Clayton Gerein

Personal information
- Born: 24 May 1964 North Battleford, Saskatchewan, Canada
- Died: 22 January 2010 (aged 45) Regina, Saskatchewan, Canada

Sport
- Country: Canada
- Sport: Paralympic athletics Paralympic swimming
- Disability class: T52

Medal record
Paralympic swimming
Representing Canada
Paralympic Games
| Gold medal – first place | 1988 Seoul | 400m 1B |
| Gold medal – first place | 1988 Seoul | 800m 1B |
| Gold medal – first place | 1988 Seoul | 5000m 1B |
| Gold medal – first place | 1992 Barcelona | 5000m TW2 |
| Gold medal – first place | 1992 Barcelona | Marathon TW2 |
| Gold medal – first place | 1996 Atlanta | 5000m T51 |
| Gold medal – first place | 2000 Sydney | Marathon T52 |
| Silver medal – second place | 1988 Seoul | 1500m 1B |
| Silver medal – second place | 1996 Atlanta | Marathon T51 |
| Bronze medal – third place | 1988 Seoul | Marathon 1B |
| Bronze medal – third place | 1992 Barcelona | 800m TW2 |
| Bronze medal – third place | 1992 Barcelona | 1500m TW2 |
| Bronze medal – third place | 1996 Atlanta | 1500m T51 |
| Bronze medal – third place | 2004 Athens | Marathon T52 |
World Championships
| Gold medal – first place | 1988 Birmingham | 5000m T53 |
| Gold medal – first place | 1998 Birmingham | Marathon T52 |
| Silver medal – second place | 2002 Lille | 800m T52 |
| Silver medal – second place | 2002 Lille | 5000m T52 |
| Silver medal – second place | 2002 Lille | Marathon T52 |

= Clayton Gerein =

Canadian wheelchair athlete (1964–2010)

Clayton Gerein (May 24, 1964 – January 22, 2010) was a Canadian wheelchair athlete, who won 14 medals in racing events at the Paralympic Games between 1984 and 2008.

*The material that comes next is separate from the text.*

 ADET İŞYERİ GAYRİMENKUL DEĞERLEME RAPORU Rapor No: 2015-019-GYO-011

Born and raised in North Battleford, Saskatchewan, While training racehorses, Gerein's neck broke in 1982. He first competed as a swimmer at the 1984 Paralympics in Los Angeles, but subsequently had his greatest success competing in racing events, winning seven gold, four silver and three bronze medals during his racing career. He retired from competitive racing after the 2008 Paralympics. Clayton lived in Pilot Butte, Saskatchewan for a long part of his lifetime and career and was seen all around town practicing.

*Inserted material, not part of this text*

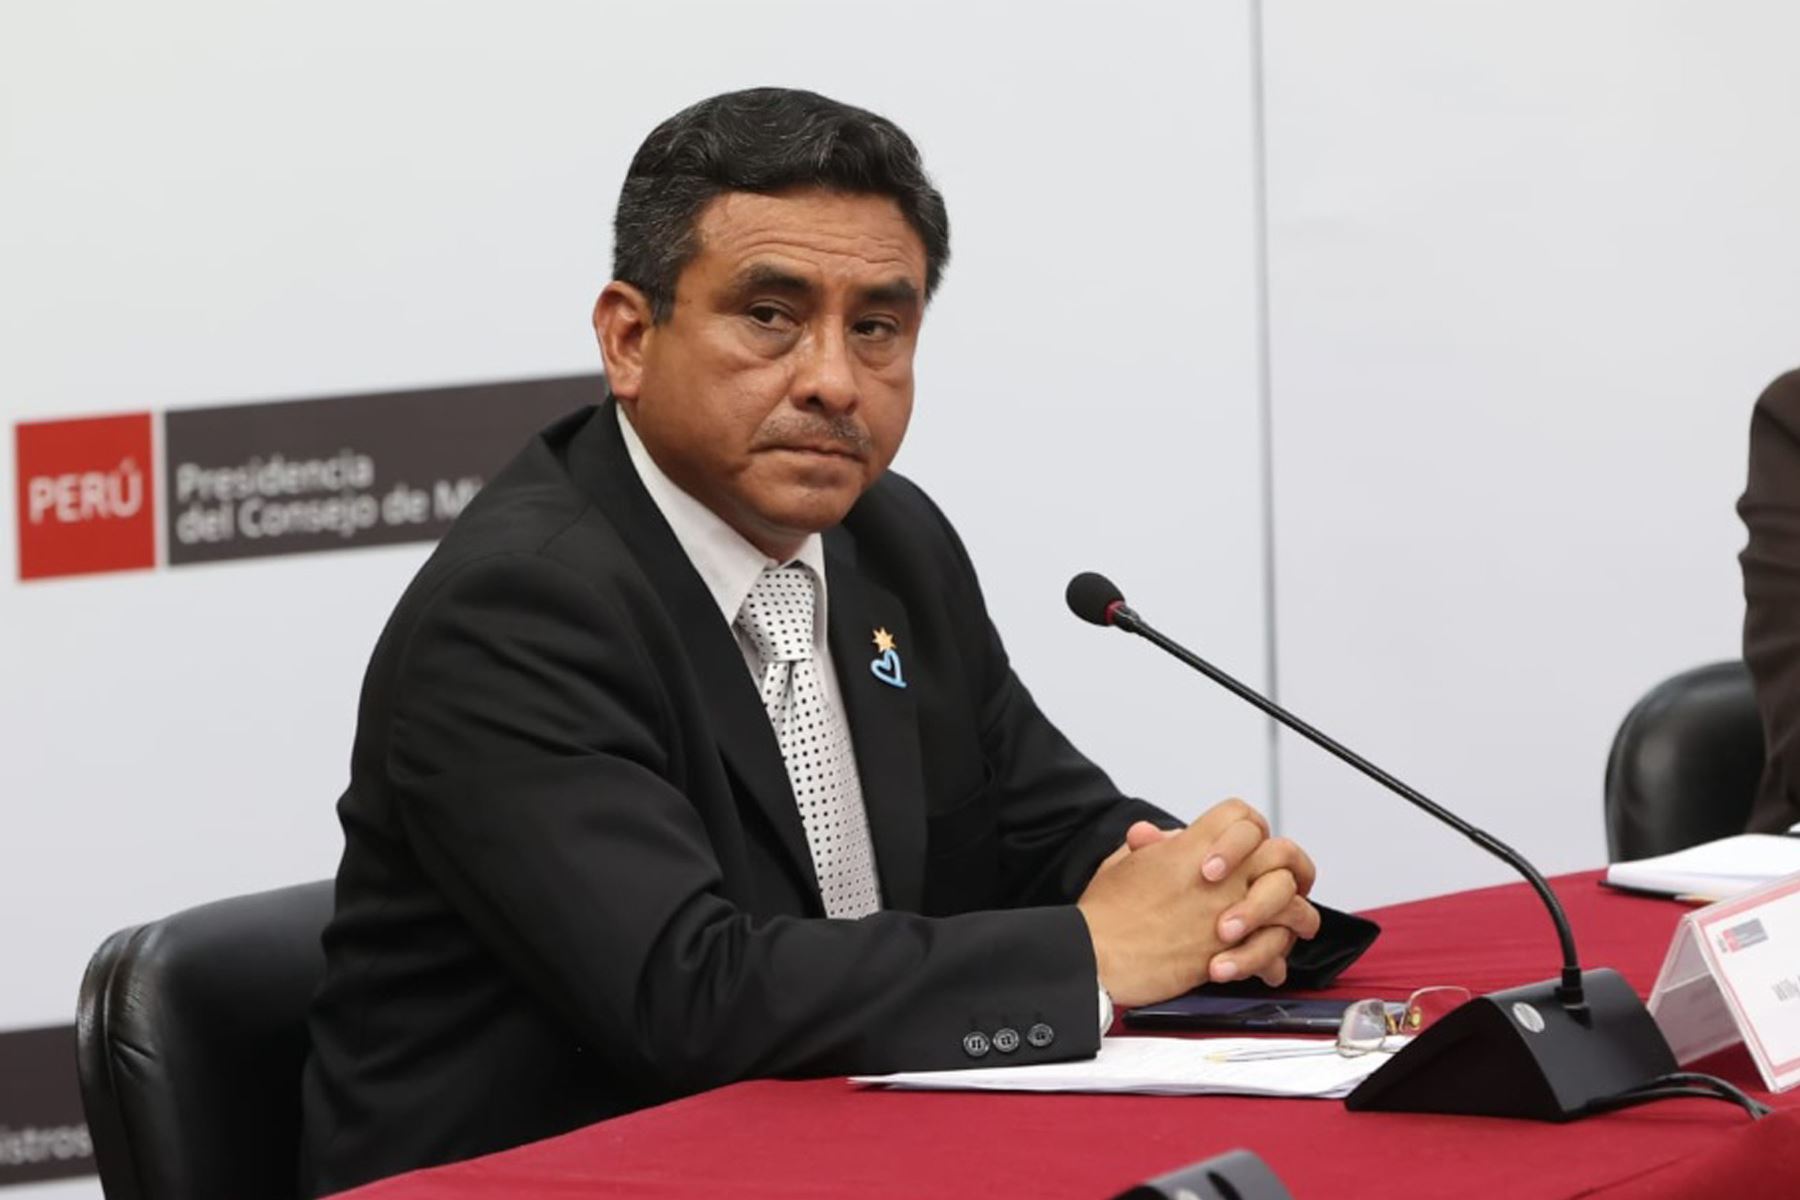 Ministro del Interior, Willy Huerta, en representación del Poder Ejecutivo, brinda una conferencia de prensa, para informar sobre aspectos de interés nacional.
Foto: PCM

Clayton also coached and mentored Paralympic Champion Lisa Franks, after he met her while she was in the hospital recovering from a spinal cord injury.

Gerein was named SaskSport's male athlete of the year in 1987, 1996 and 2001.

Gerein died from a brain tumour in Regina on January 22, 2010. He was 45.